Stored items from a collection

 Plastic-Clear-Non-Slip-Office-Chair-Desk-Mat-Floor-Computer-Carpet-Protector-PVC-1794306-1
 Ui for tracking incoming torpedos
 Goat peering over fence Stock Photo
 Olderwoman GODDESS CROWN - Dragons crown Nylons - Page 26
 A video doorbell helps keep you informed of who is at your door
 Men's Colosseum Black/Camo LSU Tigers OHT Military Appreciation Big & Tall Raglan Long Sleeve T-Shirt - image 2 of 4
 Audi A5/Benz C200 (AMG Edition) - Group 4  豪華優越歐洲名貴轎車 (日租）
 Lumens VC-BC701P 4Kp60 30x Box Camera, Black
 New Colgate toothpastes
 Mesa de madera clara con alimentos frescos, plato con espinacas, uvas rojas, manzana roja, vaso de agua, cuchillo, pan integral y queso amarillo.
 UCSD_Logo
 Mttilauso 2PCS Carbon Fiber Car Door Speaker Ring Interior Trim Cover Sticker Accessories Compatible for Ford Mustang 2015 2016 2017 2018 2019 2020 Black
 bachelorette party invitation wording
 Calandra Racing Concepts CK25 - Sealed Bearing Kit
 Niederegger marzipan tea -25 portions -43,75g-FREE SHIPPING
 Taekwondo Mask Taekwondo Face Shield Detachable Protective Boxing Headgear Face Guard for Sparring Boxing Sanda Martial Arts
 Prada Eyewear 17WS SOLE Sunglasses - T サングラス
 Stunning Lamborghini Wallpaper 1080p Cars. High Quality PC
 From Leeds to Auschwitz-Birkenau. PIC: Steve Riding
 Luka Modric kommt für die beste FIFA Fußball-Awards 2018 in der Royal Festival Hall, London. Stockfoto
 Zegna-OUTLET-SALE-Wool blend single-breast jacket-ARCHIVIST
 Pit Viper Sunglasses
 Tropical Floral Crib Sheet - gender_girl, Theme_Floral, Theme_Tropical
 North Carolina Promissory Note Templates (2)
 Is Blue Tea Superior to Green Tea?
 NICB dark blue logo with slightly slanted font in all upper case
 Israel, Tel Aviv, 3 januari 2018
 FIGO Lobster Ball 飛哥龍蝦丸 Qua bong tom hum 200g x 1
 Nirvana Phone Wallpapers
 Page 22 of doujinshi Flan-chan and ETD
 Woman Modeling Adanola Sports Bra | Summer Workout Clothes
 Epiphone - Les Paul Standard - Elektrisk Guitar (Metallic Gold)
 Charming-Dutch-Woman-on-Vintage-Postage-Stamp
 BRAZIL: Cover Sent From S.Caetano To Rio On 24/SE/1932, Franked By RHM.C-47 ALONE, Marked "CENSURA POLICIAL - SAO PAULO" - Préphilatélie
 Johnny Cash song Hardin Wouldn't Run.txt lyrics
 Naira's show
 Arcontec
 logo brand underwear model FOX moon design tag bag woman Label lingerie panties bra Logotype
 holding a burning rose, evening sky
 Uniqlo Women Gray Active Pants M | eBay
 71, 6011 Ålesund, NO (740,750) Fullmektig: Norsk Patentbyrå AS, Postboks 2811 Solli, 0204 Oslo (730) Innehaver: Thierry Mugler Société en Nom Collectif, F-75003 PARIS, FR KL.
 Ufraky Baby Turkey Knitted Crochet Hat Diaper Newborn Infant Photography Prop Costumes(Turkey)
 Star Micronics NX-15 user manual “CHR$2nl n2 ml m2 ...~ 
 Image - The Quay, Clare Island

• _Description of the task_: Show every line from the entries above in which "Black" appears.

• _Result of the exercise_:
 Men's Colosseum Black/Camo LSU Tigers OHT Military Appreciation Big & Tall Raglan Long Sleeve T-Shirt - image 2 of 4
 Lumens VC-BC701P 4Kp60 30x Box Camera, Black
 Mttilauso 2PCS Carbon Fiber Car Door Speaker Ring Interior Trim Cover Sticker Accessories Compatible for Ford Mustang 2015 2016 2017 2018 2019 2020 Black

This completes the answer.